Впрочем, в этих первых словах не было ничего необычного; нечто подобное мог бы произнести любой исповедующийся.

— В тридцать лет я остался вдовцом, — начал умирающий, — и мой первый брак доставил мне столько хлопот, что я поклялся ни за что на свете не жениться в другой раз. У меня не было на свете родственников, кроме старшего брата. Он уехал из родных мест в тысяча семьсот девяносто пятом году в Тулон, а там сел на корабль, направлявшийся в Бразилию. Военная карьера ему претила, земледелие его не привлекало, а при мысли быть лавочником он приходил в ужас. Он бредил поездками, путешествиями, приключениями, и дальние страны были для него землей обетованной.

Изо всех этих стран он отдал предпочтение Бразилии. И вот он отправился в Рио-де-Жанейро, взяв с собой небольшую партию товара, всего на тысячу экю. Я получил от него только три письма. Первое — в тысяча восемьсот первом году. В этом письме он сообщал, что разбогател, и приглашал меня к себе; я не выношу морской качки и потому отказался. В тысяча восемьсот шестом году пришло другое письмо; брат писал, что он разорился и что я правильно поступил, оставшись во Франции. Одиннадцать лет о нем не было никаких сведений, ни единой хотя бы косвенной весточки. Наконец в тысяча восемьсот семнадцатом он снова мне написал. Со времени его отъезда прошло двадцать пять лет, а это было только третье письмо!
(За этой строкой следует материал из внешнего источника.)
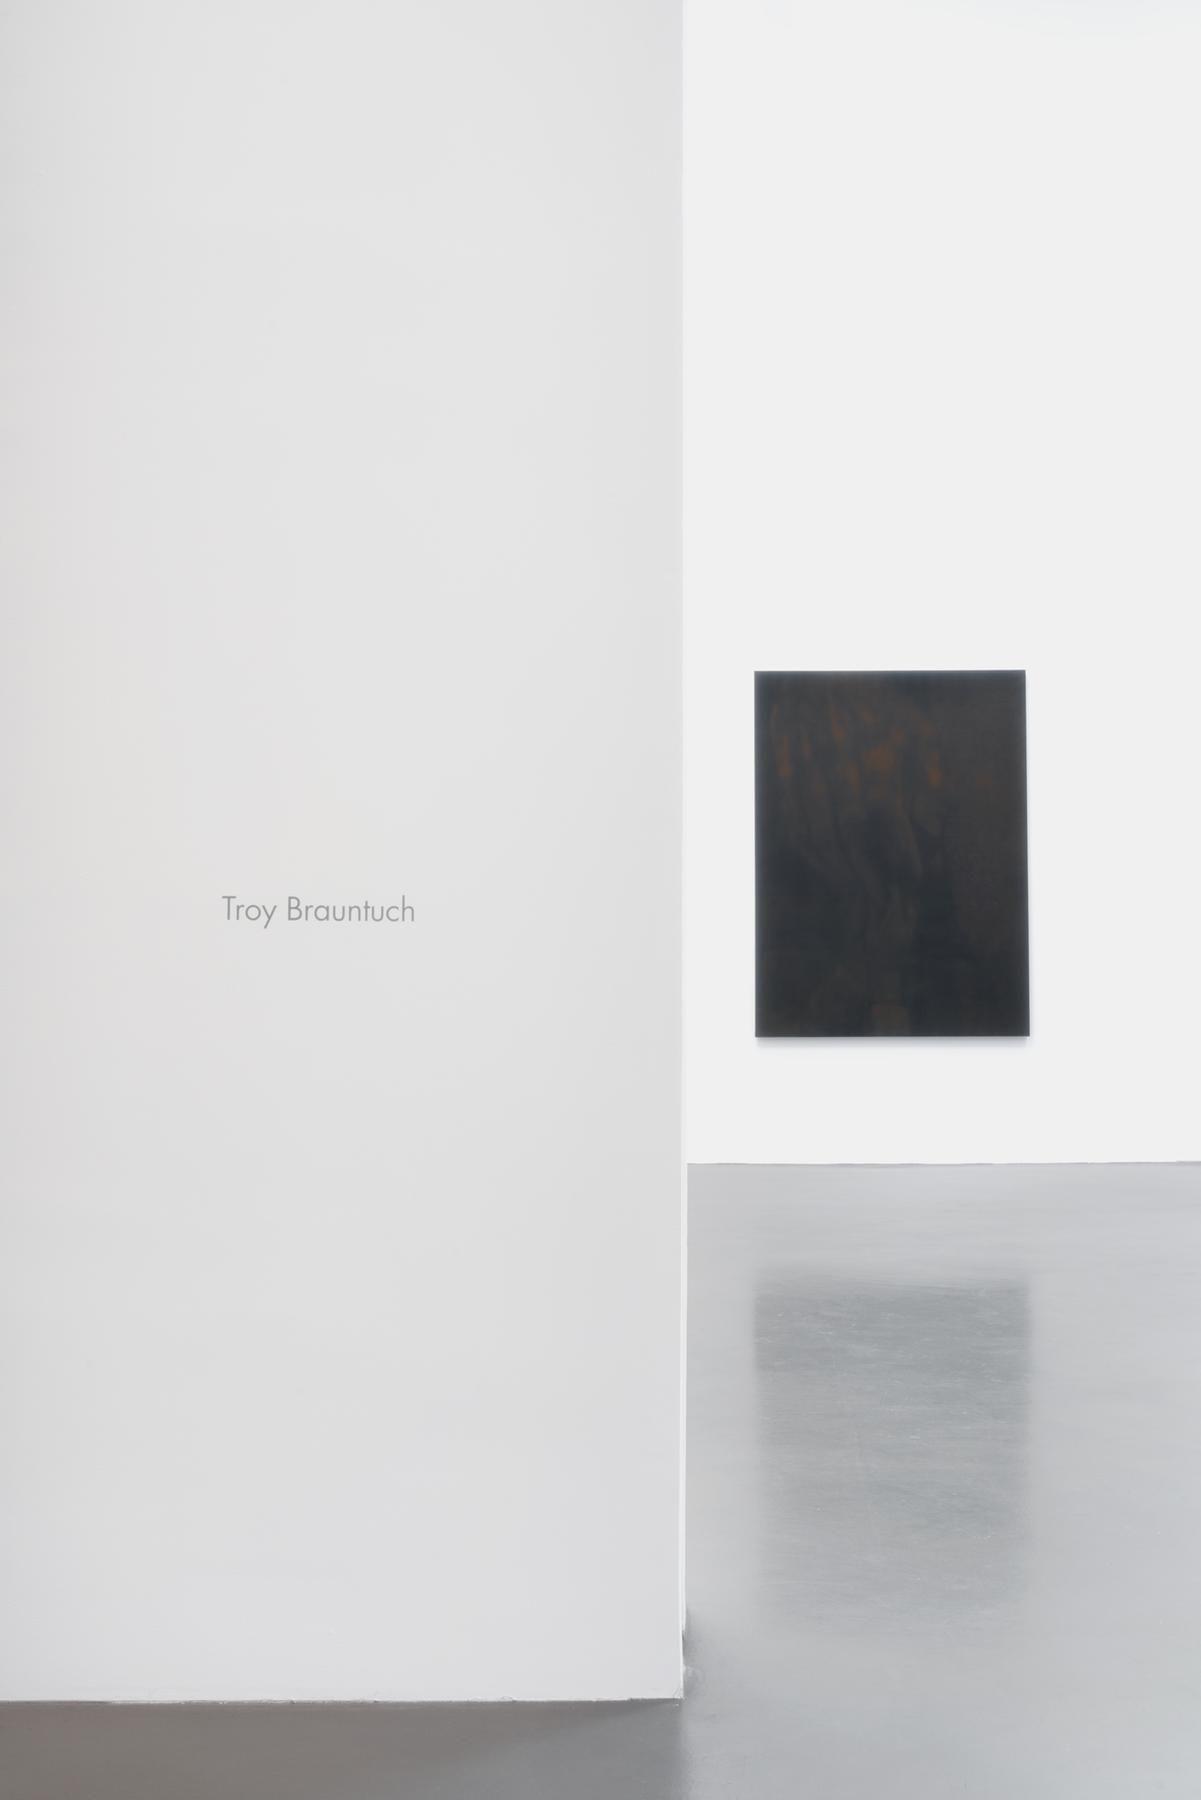 Troy Brauntuch Installation view 1

Он снова разбогател, его состояние теперь исчислялось многими миллионами; он женился, у него было двое детей; он писал, что собирается скоро вернуться на родину и что теперь, когда он стал миллионером, больше всего на свете ему хочется снова увидеть Францию и пожить со мной вместе!

И вот в июне тысяча восемьсот семнадцатого года он прибыл в Париж. Я получил от него записку. Он просил срочно к нему приехать. Во время путешествия он потерял жену; он пал духом, и только мое братское участие могло как-то его утешить. Я сам сгорал от нетерпения повидаться с ним: несмотря на годы разлуки, я любил его, как и в юности. Получив его письмо, я решил встретиться с ним и распрощался с друзьями в Викдесо.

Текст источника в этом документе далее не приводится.